Dunn associated with the known bushrangers Ben Hall and John Gilbert. Dunn joined the Hall gang in October 1864, a welcomed new member after police captured gang members Dunleavy and Mount.
In late 1864, during the robbery of a mail coach near Jugiong, Gilbert shot and killed Sergeant Parry.

On 26 January 1865, Hall, Gilbert and Dunn were at Collector, near Lake George. While Hall and Gilbert were holding up the hotel, Dunn shot and killed the local police officer. Dunn twice fired, his first shot hitting once in the face and the second that pierced the heart. Constable Samuel Nelson was the sole policeman in the township and the father of eight. Dunn also shot at Nelson's son but missed.

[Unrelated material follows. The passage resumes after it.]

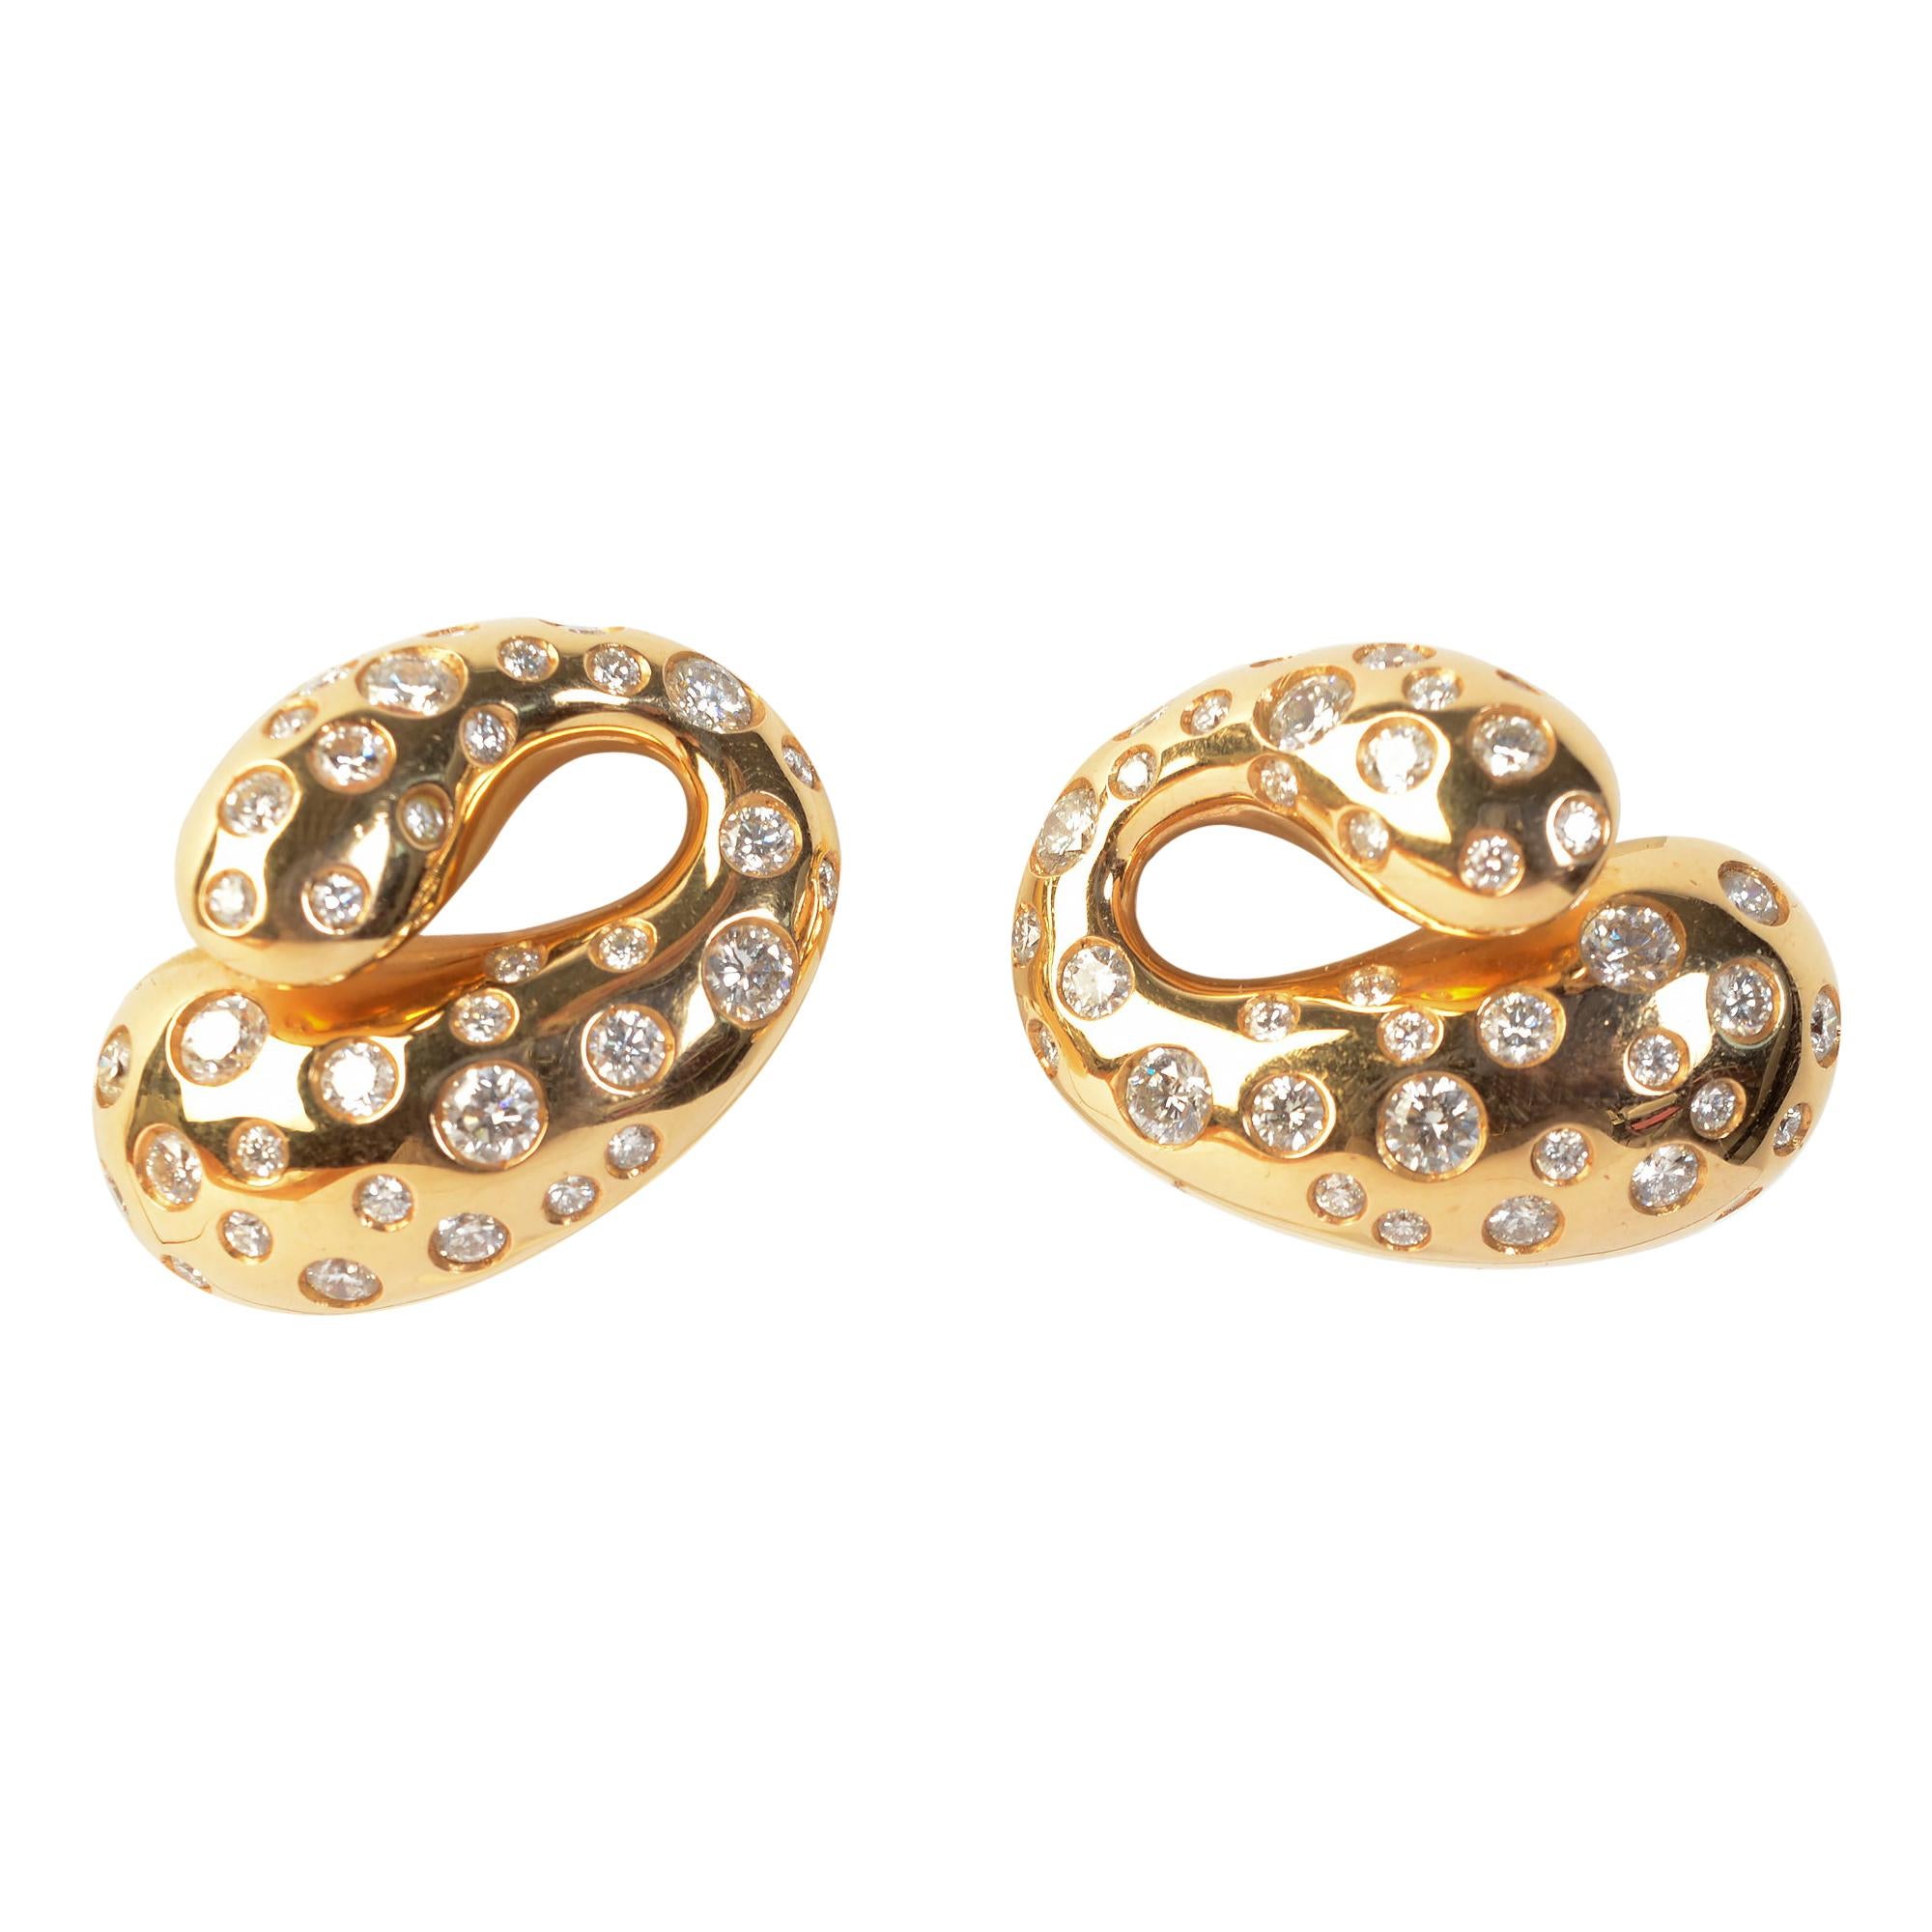 de Grisogono Gold and Diamond Earrings

In May, Hall, Gilbert, and Dunn were proclaimed outlaws; the passing into law the Felons Apprehension Act 1865, which allowed known bushrangers to be shot and killed rather than taken to trial, this put them outside the law and liable to be killed by anyone.
Hall had separated from the other two and later was surrounded by police in the bush near Forbes, New South Wales, and shot dead.

Gibert and Dunn on hearing the news of Hall's death headed for Dunn's grandfather's property at Murrumburrah.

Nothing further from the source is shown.